Rapid climate change poses a serious and immediate threat to life on Earth. As atmospheric methane traps heat 30 times more effectively than CO2, temperatures are rising as a result.
“Nanowires” produced by Geobacter in response to an electric field applied to electricity-producing biofilms. These nanowires are composed of cytochrome OmcZ and show 1000-fold higher conductivity and 3-times higher stiffness than the nanowires of cytochrome OmcS important in natural environments, allowing bacteria to transport electrons over 100-times their size. Image Credit: Sibel Ebru Yalcin. Design: Ella Maru Studio
Half of this methane is produced by microbes, and rising temperatures are also boosting microbial development, which results in the production of more greenhouse gases than can be absorbed by plants. This weakens the earth’s capacity to act as a carbon sink and increases global temperatures.

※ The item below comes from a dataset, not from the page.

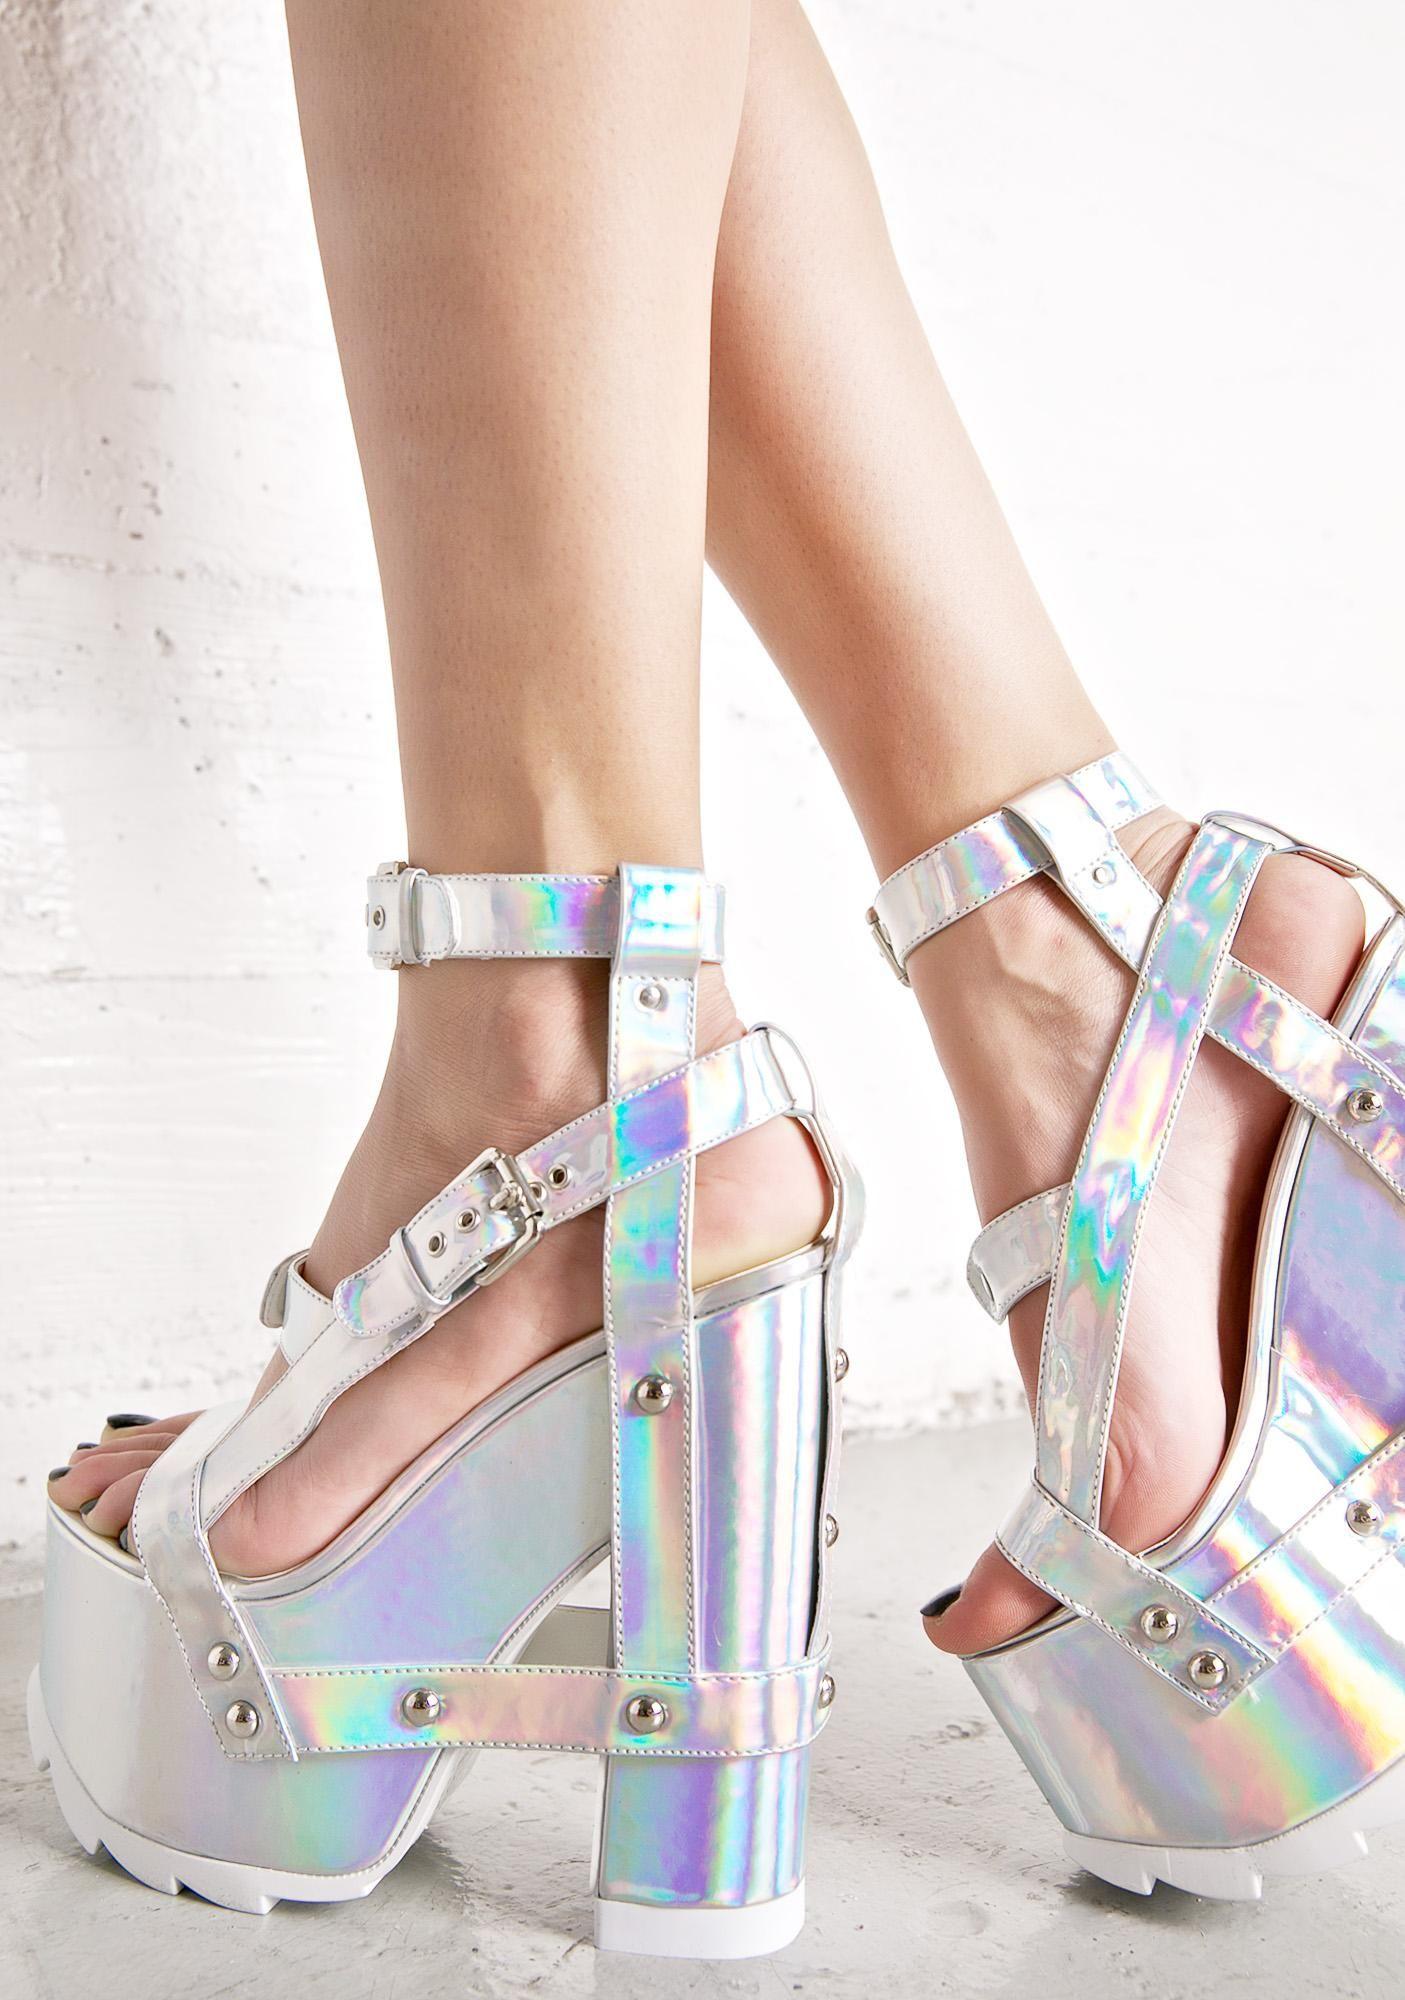 fb348685497 Holographic Nightcall Platform Heels in 2019 | 2 shoes | Heels ...

Another class of bacteria that consume up to 80% of the methane flux from ocean sediments that safeguard the Earth might be a viable remedy to this vicious cycle. Due to their extreme difficulty in laboratory research, microbes have remained a mystery in terms of how they function as the principal producers and consumers of methane.
In Nature Microbiology, a Yale team led by Yangqi Gu and Nikhil Malvankar of the Molecular Biophysics and Biochemistry at Microbial Sciences Institute described the unexpected wire-like features of a protein that is strikingly similar to the protein employed by methane-eating microbes.
The group has previously demonstrated that this protein nanowire exhibits the highest conductivity currently known, enabling the production of the maximum electric power by any bacteria. However, no one has yet figured out how bacteria produce them or why they exhibit such high conductivity.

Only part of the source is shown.